Proteins: Women can calculate their daily intake by multiplying their body weight by 1.2. Men can calculate their daily intake by multiplying their body weight by 1.5. The resulting number will be the required daily intake of protein per day.
Fats: To calculate daily fat intake, women should multiply their body weight by 0.5, while men should multiply by 0.8. The resulting number is your daily intake of fats in grams.
To calculate the total number of calories, add the totals from the three food groups.
High carb days
The same calculation is used, except that in this case, your intake of carbs and proteins will be higher. Your intake of fats will decrease.
Carbs: Women should multiply their body weight by 1.4 while men will multiply by 1.7.

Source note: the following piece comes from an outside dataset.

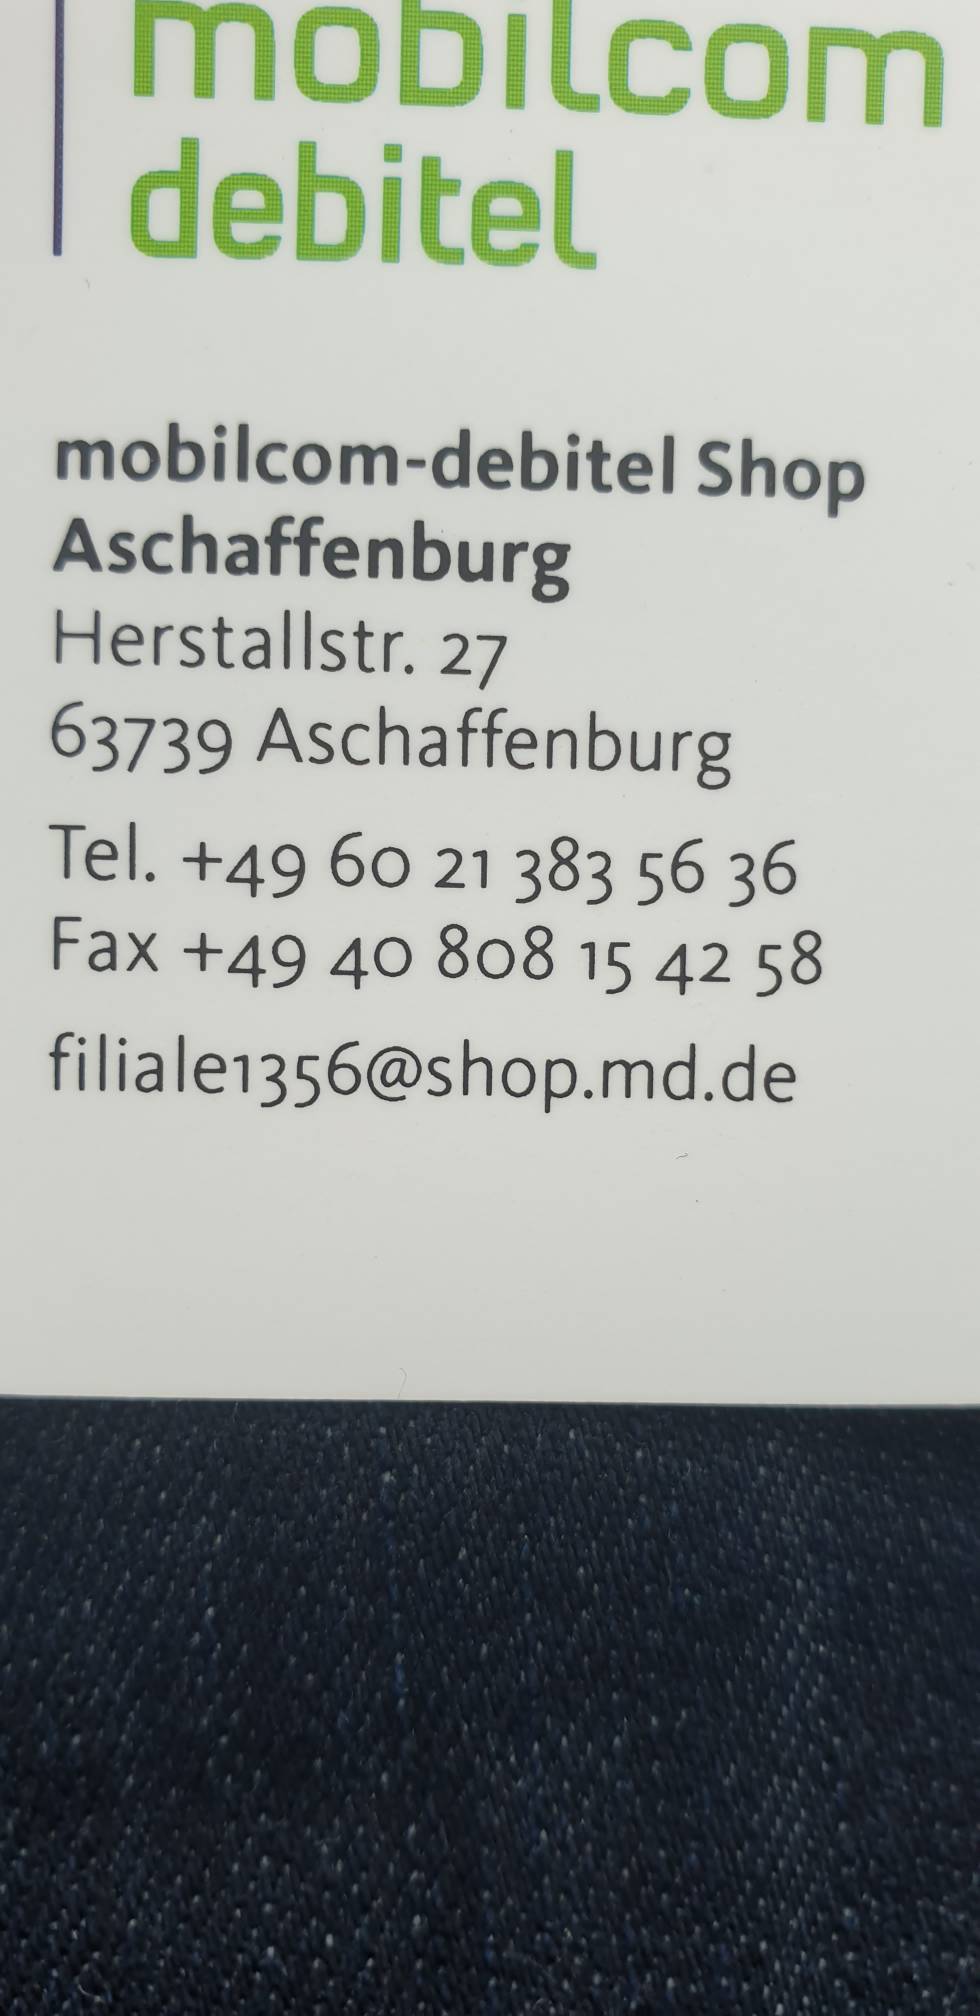 Bild 2 mobilcom-debitel GmbH in Aschaffenburg

Proteins: Women multiply their body weight by 1.4 and men by 1.7 (yes, it’s the same ratio as for carbs)
Fats: Women should multiple bodyweight by o.3 whereas men should multiply by o.6.
The total of the three numbers will give you the total number of calories you can consume for High carb days.
It is up to you how you divide your daily intake throughout meals, whether you are having three meals or six meals per day.
As for daily calorie consumption, the recommended range is 1500 – 2300 for women and 1500 – 3000 for men. This is the general recommended range that you should stay within. However, don’t beat yourself up if you exceed it a little on some days. I highly recommend that you invest in a calorie counting app. As for how many calories are contained in the foods you consume, you can easily look this up online and prepare a reference list to store on your computer.
Carb portions range from 200 grams to 300 grams on high carb days and 50 grams to 150 grams on lower carb days. We will discuss portions and food types in a later chapter.
This was a very simple explanation of how the carb cycling plan works. Next, let’s find out why it works and how it can benefit you.
Chapter 2 – Why the Carb Cycling Diet Works
The carb cycling diet has become mainstream recently. Research is still ongoing with regards to the additional benefits. However, many people have reported great success with the 7-day plan for several reasons. Here are some of the arguments for why it works:
• One of the main reasons is flexibility. It really doesn’t feel like a diet because there is a wide variety of foods to choose from. You can eat your favorite foods on certain days. People who follow the plan report not feeling deprived. And, the cheat day really helps as well!
• It gives you the ability to customize your plan if you stick to the basic rules.